9月21日(土)、「アサヒスーパードライ パシフィックネーションズカップ2024」はいよいよファイナルシリーズ・決勝を迎えた。準決勝でサモアに快勝した日本代表は、プールA1位通過後準決勝でアメリカを下したフィジーと対戦。今大会唯一の世界ランキング10位以内(10位)との勝負となった。決勝の舞台となった東大阪市花園ラグビー場(大阪)では14,437人のファンが優勝の行方を見守った。
先制したのは日本代表だ。前半7分、FB李承信がPGを決めて0-3とする。10分にはフィジーSOケレブ・マンツにPGを決められ3-3の同点にされたものの、20分、日本代表は自陣ハーフウェイライン付近のマイボールスクラムからSH藤原忍、SO立川理道キャプテンとつなぎ、立川のパスを受けたCTBディラン・ライリーがランとステップで鮮やかに相手をかわして大きく前進。
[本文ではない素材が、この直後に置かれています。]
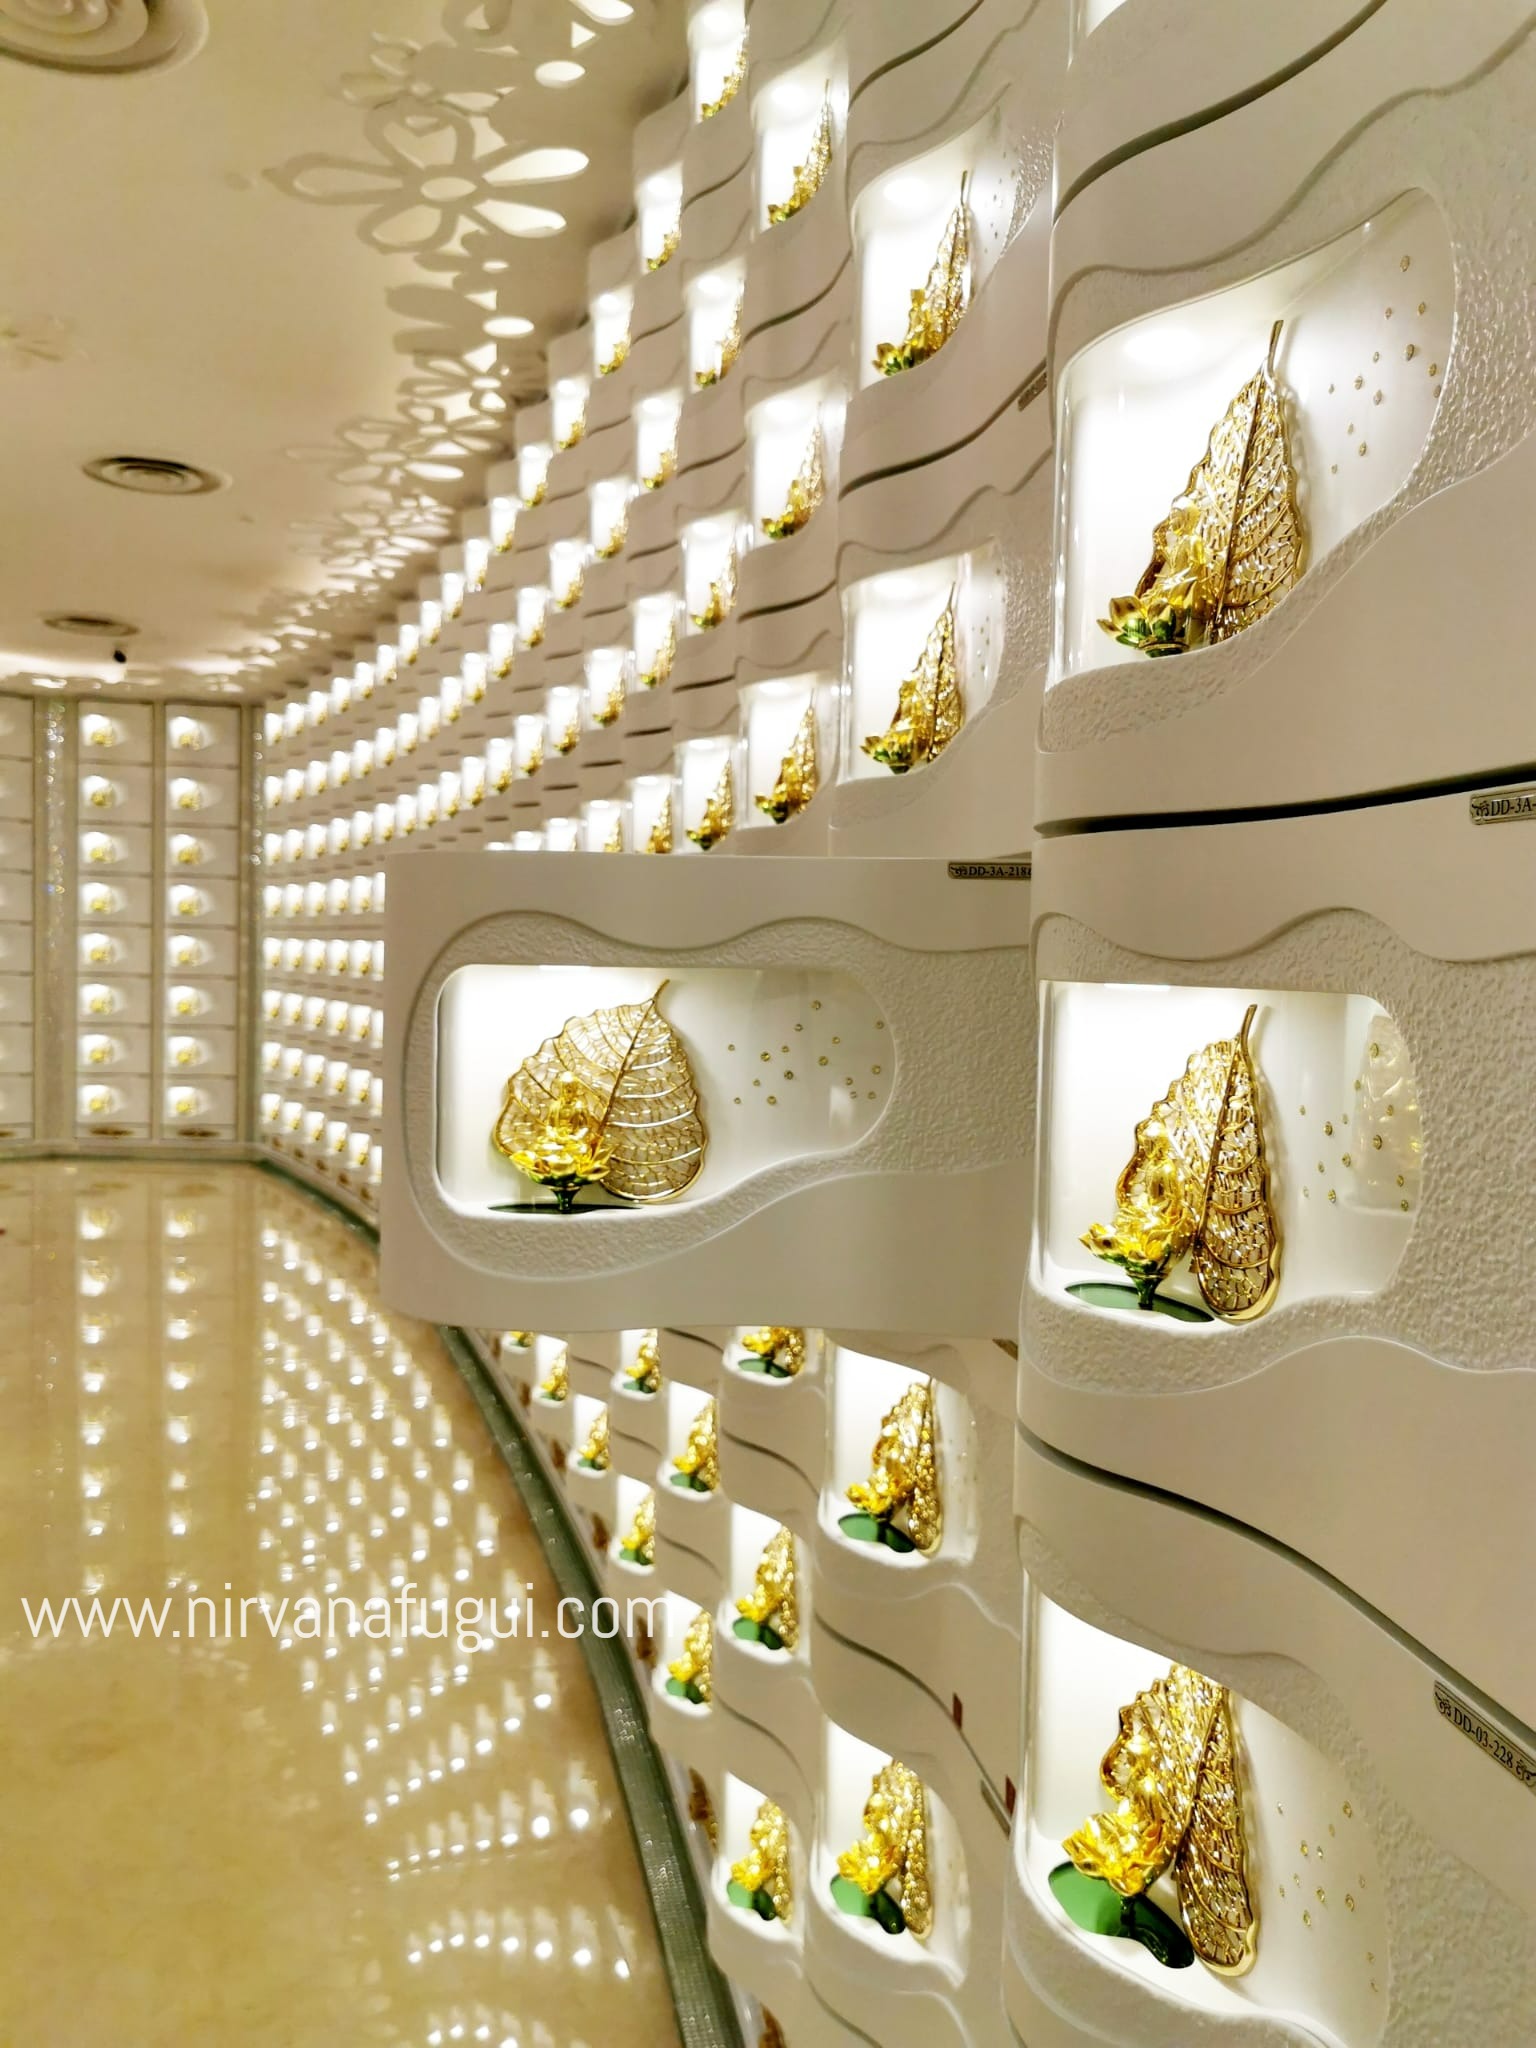 The niche of this columbarium has built-in golden Buddha at the panel.

さらに前方へショートパントを放つと自らそのボールに追いつき、スピードを落とすことなくトライ。テストマッチ5試合連続トライを決めて、FB李のゴールも決まり3-10と勝ち越しに成功する。

リードした状態で試合を折り返したかった日本代表だが、32分にフィジーに初トライを許し、10-10に。しかし昨年のラグビーW杯で8強入りを果たし、そのメンバーを多く揃えた強豪を相手にスコアどおりの互角の勝負を演じて、同点のまま前半終了を迎える。
後半も拮抗した攻防が期待されたが、前半38分に日本代表HO原田衛が危険なプレーでシンビンになっていた影響もあり、残り40分はフィジーの意のままの展開となる。まずは16分、SOマンツにPGを決められると(13-10)、19分、27分、30分、35分と4連続トライを許し、スコアは41-10と前半とは打って変わって一方的な試合になる。
それでもいい形で試合を締めたい日本代表は38分、自陣でのマイボールスクラムから仕掛け、ラストパスを受けたWTBマロ・ツイタマが約50mを独走して一矢報いるトライ。41-17とする。最終的にはこのスコアのまま日本代表は敗れ、準優勝。フィジーが今大会を制した。

試合後の記者会見で日本代表エディー・ジョーンズHCは悔しさをにじませながらコメントした。
「ジャパンとしてはエフォート(努力)はよかったと思いますが、ハードワークをもっと長い時間続ける必要がありました。その点ではまだまだ(求めている)レベルには達していません。やはりまだ我々の実力は不足しています。ただ、これを続けていくことで2027年(W杯オーストラリア大会)までには(世界レベルに)到達できると考えています。試合は我々の現状を確認する機会になります」
掲げる「超速ラグビー」の成熟、完成にはまだまだ時間がかかる。しかしその方向性、成長曲線は間違っていない。指揮官も選手もそう信じながら日本代表は研鑽し続け、10月26日(土)のニュージーランド戦、そして11月の欧州遠征に向けて引き続き準備を進めていく。